Die Baugeschichte der Villa Ingenohl

Ⓒ Kai Weissenfeld

Die Villa Ingenohl entstand zwischen 1895 und 1897 im Zuge der zweiten Bebauungsphase des Bonner Rheinufers nach der Parzellierung des Parks der benachbarten Villa Krantz. Bauherr war Carl Ingenohl, der den südöstlichen Teil des Geländes erwarb. Das Grundstück wurde durch einen Privatweg – heute die Raiffeisenstraße – mit der damaligen Coblenzerstraße (heute Adenauerallee) verbunden. Für den repräsentativen Neubau beauftragte Ingenohl den Regierungsbaumeister Zengler.

Die Villa ist ein zweigeschossiger Putzbau im italienischen Palazzostil mit hohem Sockel, Mezzaningeschoss, flachem Walmdach, prägnanten Gesimsen und einem polygonalen Standerker mit Balkon zur Rheinseite. Ihre architektonische Gestaltung macht sie zu einem wichtigen Zeugnis der bürgerlichen Baukunst der Gründerzeit in Bonn.

Bereits 1919 wurde die Villa umgebaut.

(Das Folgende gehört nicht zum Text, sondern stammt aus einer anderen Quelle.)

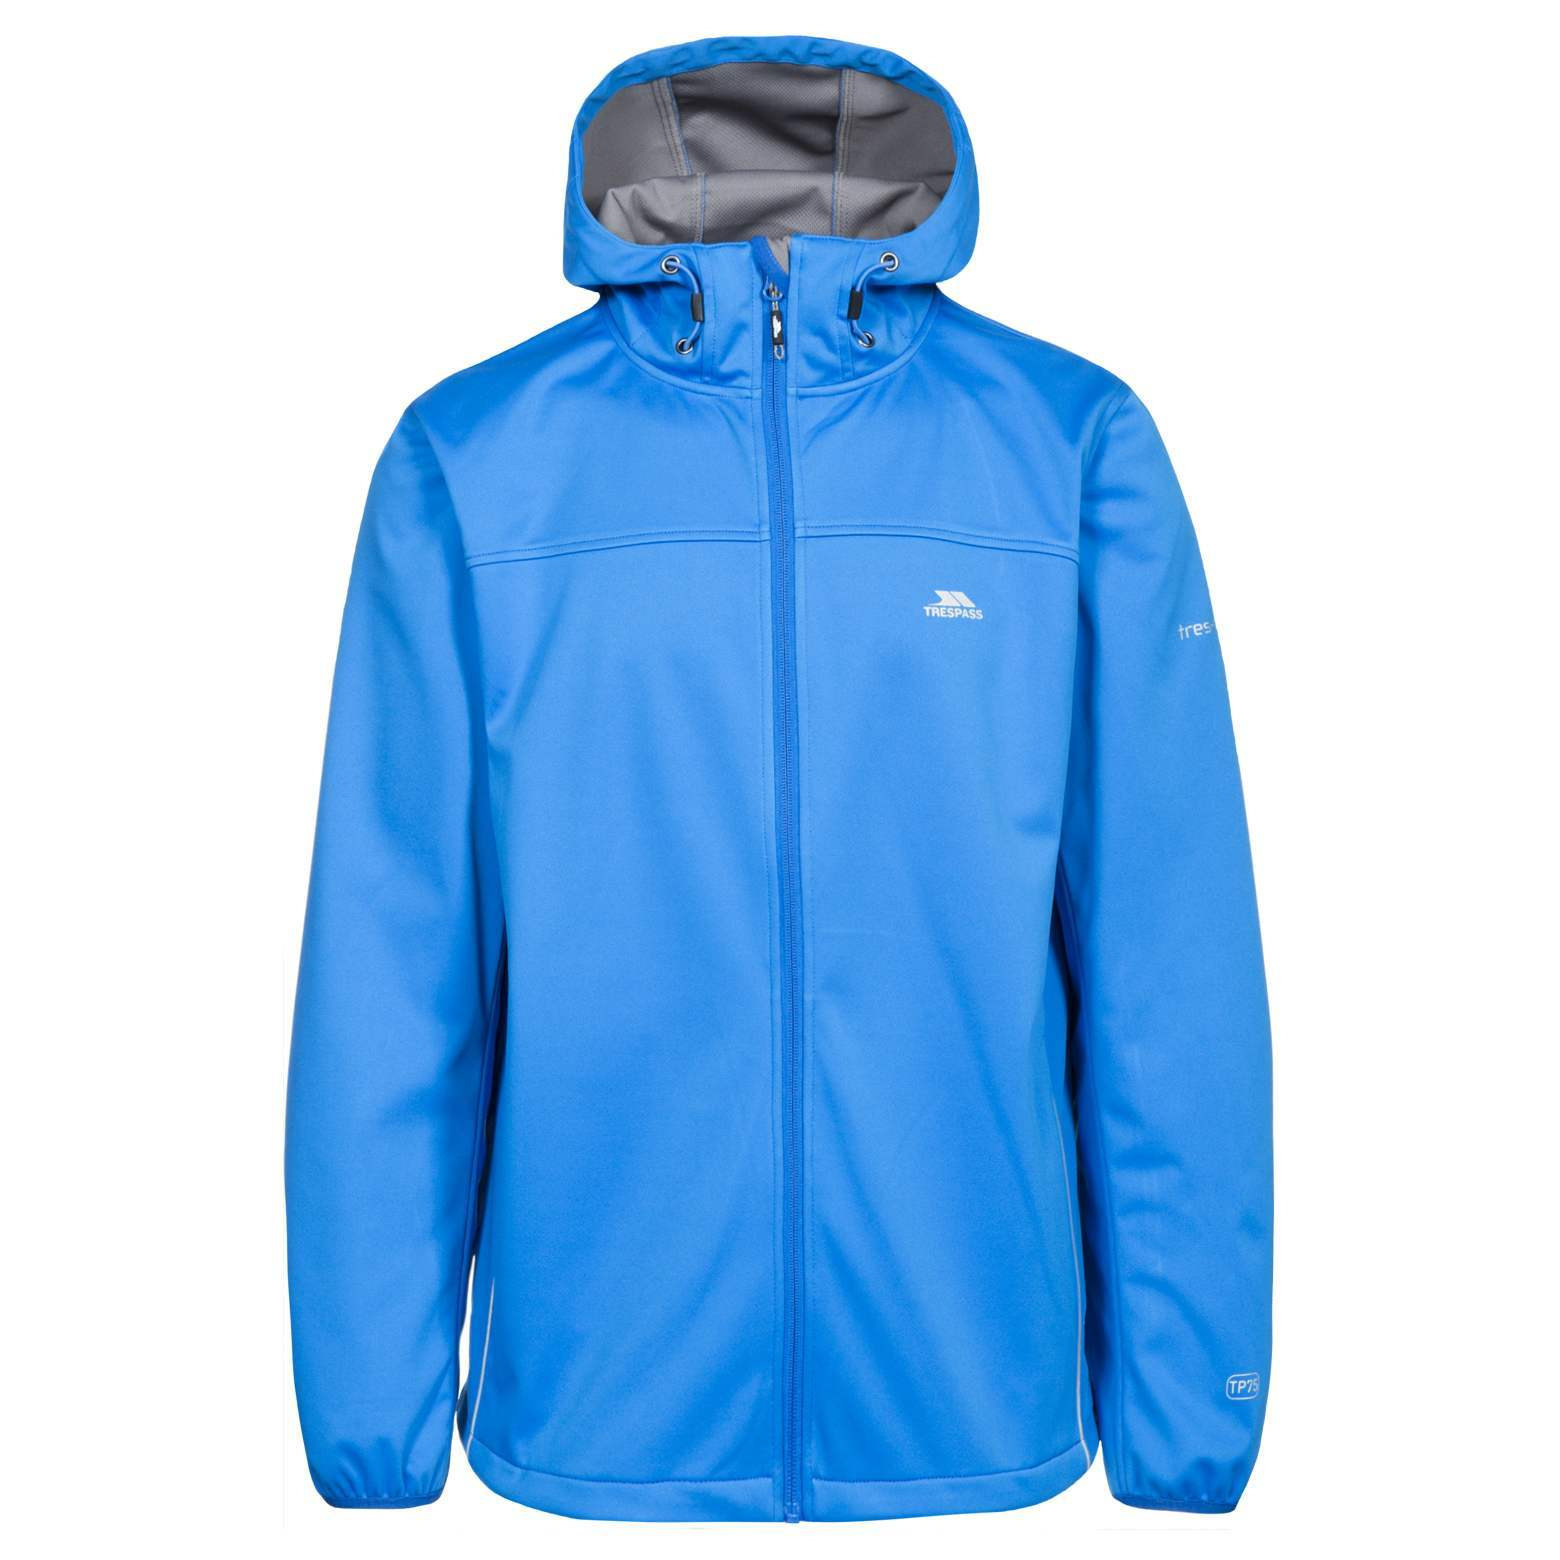 Trespass-Zeek-Para-Hombre-Impermeable-Transpirable-Abrigo-chaqueta-de-cascara-suave-con-capucha miniatura 14

Frau Ingenohl beantragte die Modernisierung, bei der unter anderem ein Vorflur, eine Garderobe und sanitäre Anlagen im Eingangsbereich geschaffen wurden. 1927 ging die Villa in den Besitz der Studentenverbindung Corps Saxonia über, zu deren Mitgliedern auch der preußische Kulturpolitiker Friedrich Althoff gehörte, der mit Marie Ingenohl verheiratet war. Später diente sie unterschiedlichen Zwecken – unter anderem als Quartier für das SS-Führerkorps sowie als Sitz des Hauptzollamts.

Film: Die Villa Ingenohl - von der weißen Villa in die Welt

Von der Nachkriegszeit bis 1999 – Bundesnutzung und historische Bedeutung

Nach dem Zweiten Weltkrieg wurde Bonn im Mai 1949 zum vorläufigen Regierungssitz der neu gegründeten Bundesrepublik Deutschland. Die Villa Ingenohl wurde in diesem Zusammenhang zu einer bedeutenden staatlichen Liegenschaft: Ab 1949 diente sie als Dienststelle für Auswärtige Angelegenheiten des Bundeskanzleramtes. Später war die Villa Standort für die Ausbildung des diplomatischen Nachwuchses.

Parallel zur Villa, entstand auf dem Gelände die sogenannte „AA-Baracke“ – ein Montagebau von 1949, der bis in die 1990er Jahre als Wohnheim für den diplomatischen Nachwuchs genutzt wurde. Die „AA-Baracke“ war Symbol für die bescheidenen Anfänge der bundesdeutschen Außenpolitik und in Kombination mit der Villa Ingenohl prägte sie die Frühzeit der deutschen Außenpolitik entscheidend mit. Als „Keimzelle des Auswärtigen Amtes“ hat die Villa eine besondere geschichtliche Bedeutung – sowohl für die Bundesrepublik Deutschland als auch für die Stadt Bonn.

Bis 1999 blieb die Villa in Bundesnutzung, zuletzt als Kindertagesstätte. Nach dem Umzug des Auswärtigen Amtes nach Berlin stand das Gebäude leer, seine Zukunft war ungewiss.

Neubeginn ab 2008 – Erhalt und Integration auf dem Montag Campus 

Nach Jahren des Leerstands und schwerwiegenden Bauschäden – unter anderem durch einen Wasserschaden – erwarb die Carl Richard Montag Förderstiftung im Jahr 2008 die denkmalgeschützte Villa. Trotz erheblicher Schäden und eines 2017 gestellten Abrissantrags, der von der Stadt Bonn abgelehnt wurde, blieb die Villa erhalten. 

Ab 2021 beginnt ein neues Kapitel: Die Villa Ingenohl wird integraler Bestandteil des Montag Campus und der dortigen Stiftungsarbeit. Damit ist sie nach über 125 Jahren erneut ein Ort der Bildung, des Engagements und der Zukunftsgestaltung.